Trichomoniasis, a sexually transmitted infection caused by a parasite, can produce a similar fishy odor along with thin discharge that may be clear, white, yellowish, or greenish. Other symptoms include itching, burning, redness, and discomfort when urinating. Trich is easily treated with a single course of medication, but it won’t go away without treatment, and it can be passed back and forth between partners.

Yeast infections, by contrast, don’t typically cause a strong smell. Their signature is thick, white discharge with intense itching. If odor is your primary concern, yeast is less likely to be the culprit.

How to Tell If You Need Medical Help

If the odor is new, persistent, and different from your normal scent, that warrants a visit to your healthcare provider, especially if it comes with discharge, burning, or itching. The visit is quick: a simple swab can identify whether BV, trich, or another infection is behind the change, and treatment typically takes about a week.

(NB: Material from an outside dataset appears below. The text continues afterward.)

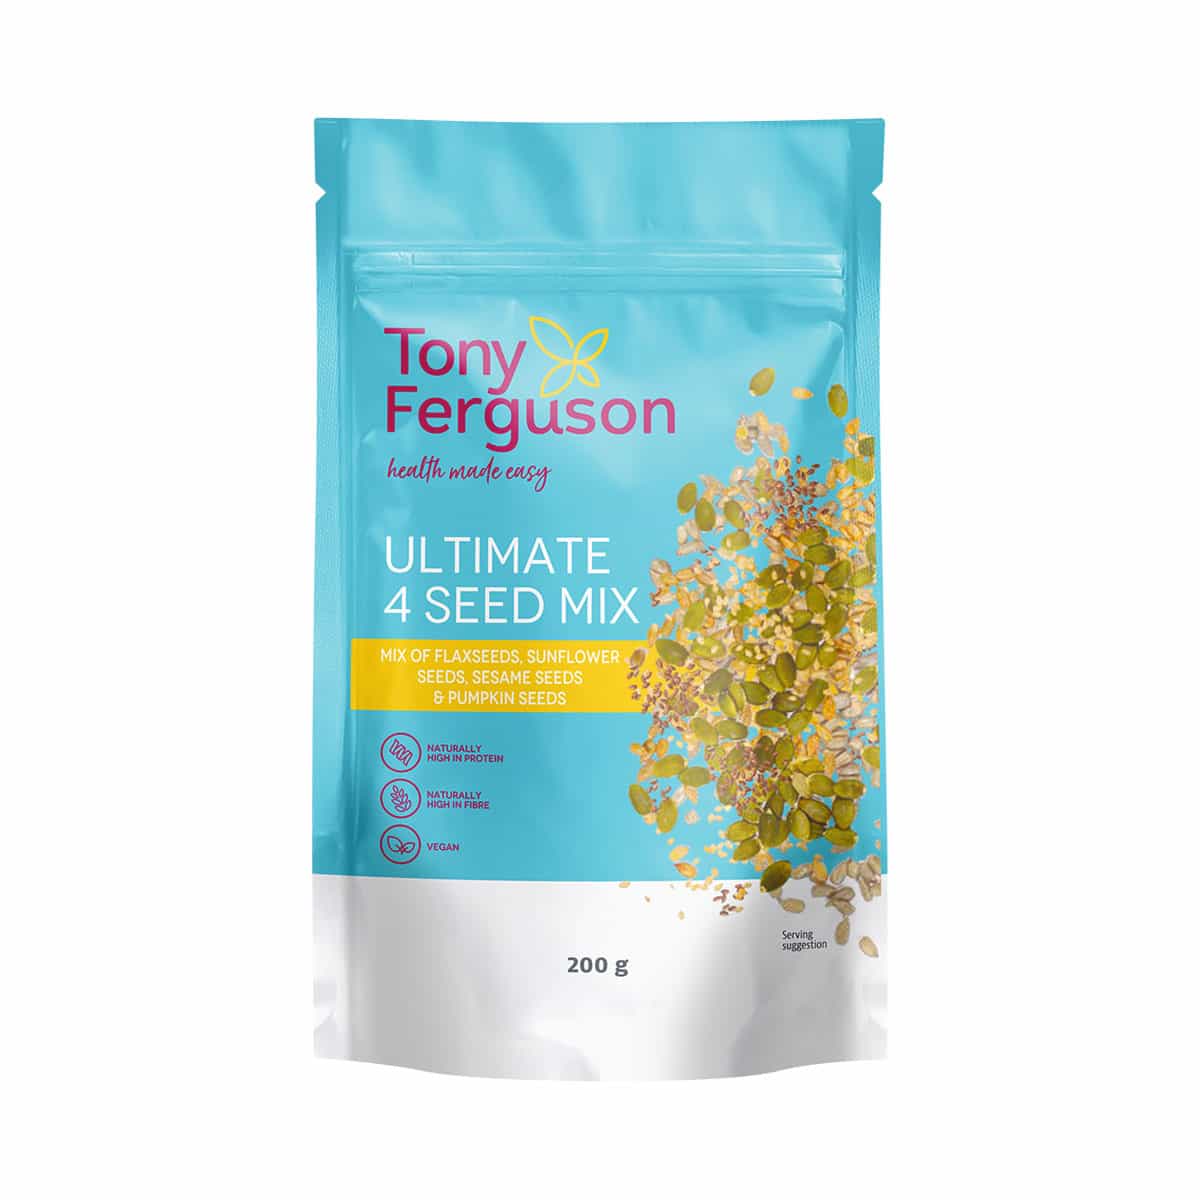 Tony Ferguson Ultimate 4 Seed Mix - 200g

This is particularly important if you’re pregnant. Vaginal infections during pregnancy are linked to higher rates of preterm birth, low birth weight, and amniotic fluid infection. What might feel like a minor annoyance carries more weight during pregnancy and should be evaluated promptly.

A Realistic Daily Routine

The best approach to managing vaginal odor is genuinely simple. Wash the external vulvar area with warm water (or a fragrance-free cleanser if you prefer) once daily. Wear cotton underwear. Change out of damp clothing. Skip all internal cleaning products, scented soaps, and sprays. That’s the routine.

If you’re doing all of this and the smell persists or worsens, the cause is likely something your body can’t fix on its own, like BV or trich, and a short course of treatment will resolve it. The goal isn’t to make your vagina smell like nothing. It’s to let your body’s natural system do its job without interference.